Yeah, but it's want you WANTED!


----------



## esmerelda (May 16, 2002)

Ahhhh...so true.....now all I need is someone close enough to grant me my wish!!!!!!  Isnt it strange how a high protein diet makes you crave even more protein!!!!!!


----------



## ALBOB (May 16, 2002)

> _*Originally posted by esmerelda *_ crave even more protein!!!!!!



Your wish is my command.


----------



## esmerelda (May 16, 2002)

I promise I wont waste a drop!!!!!!   Just feel like some salty nuts......


----------



## ALBOB (May 16, 2002)

> _*Originally posted by esmerelda *_  Just feel like some salty nuts......

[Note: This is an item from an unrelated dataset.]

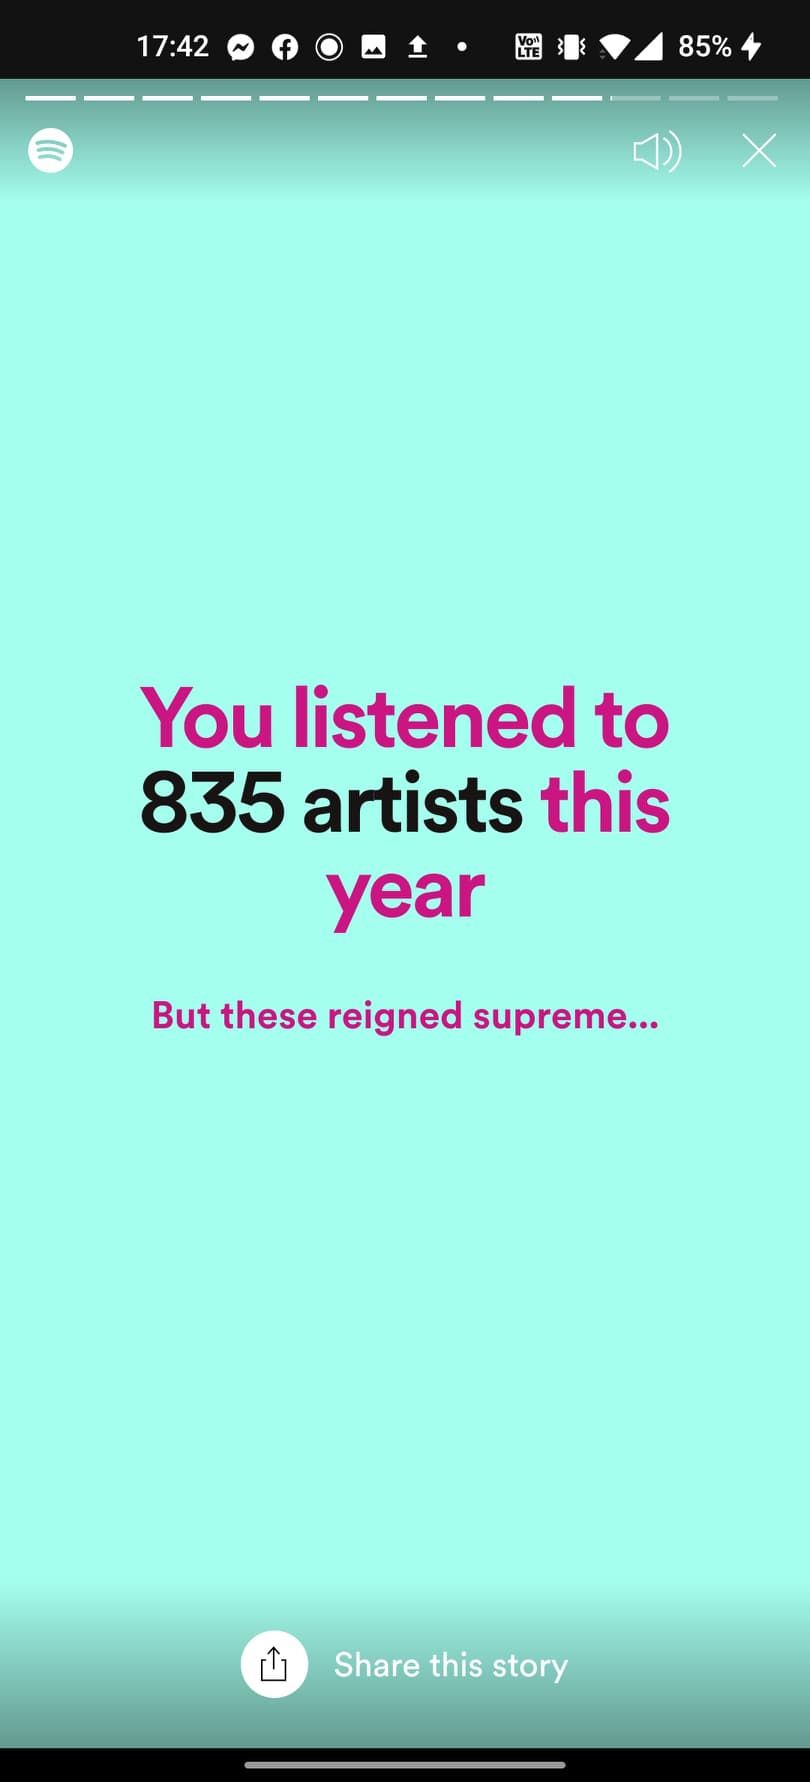 Spotify Wrapped มาแล้ว ~ เผยตัวเลขสถิติเพลงที่ฟังไปเยอะที่สุด รวมถึงศิลปินที่ชื่นชอบ ตลอดทั้งปี 2020

BWAAAA...........Now you're starting to sound like Miss LeDix.  Or maybe it's her that's starting to sound like YOU.


----------



## esmerelda (May 16, 2002)

He he heee.....you know.....stranger things have happened!!!


----------



## esmerelda (May 17, 2002)

Well I dont know if I like this weightloss thingie!!!!  Cos when the blubba starts to disappear...you tend to find things that were hidden!!!  And Im not being pornal here!!!!  For those who knew me on the other site...I was only just cleared from the big "C" just before coming over here.....Im a firm believer in self-examinations due to my last 'find' that took over 3 1/2 yrs to get over!!!!  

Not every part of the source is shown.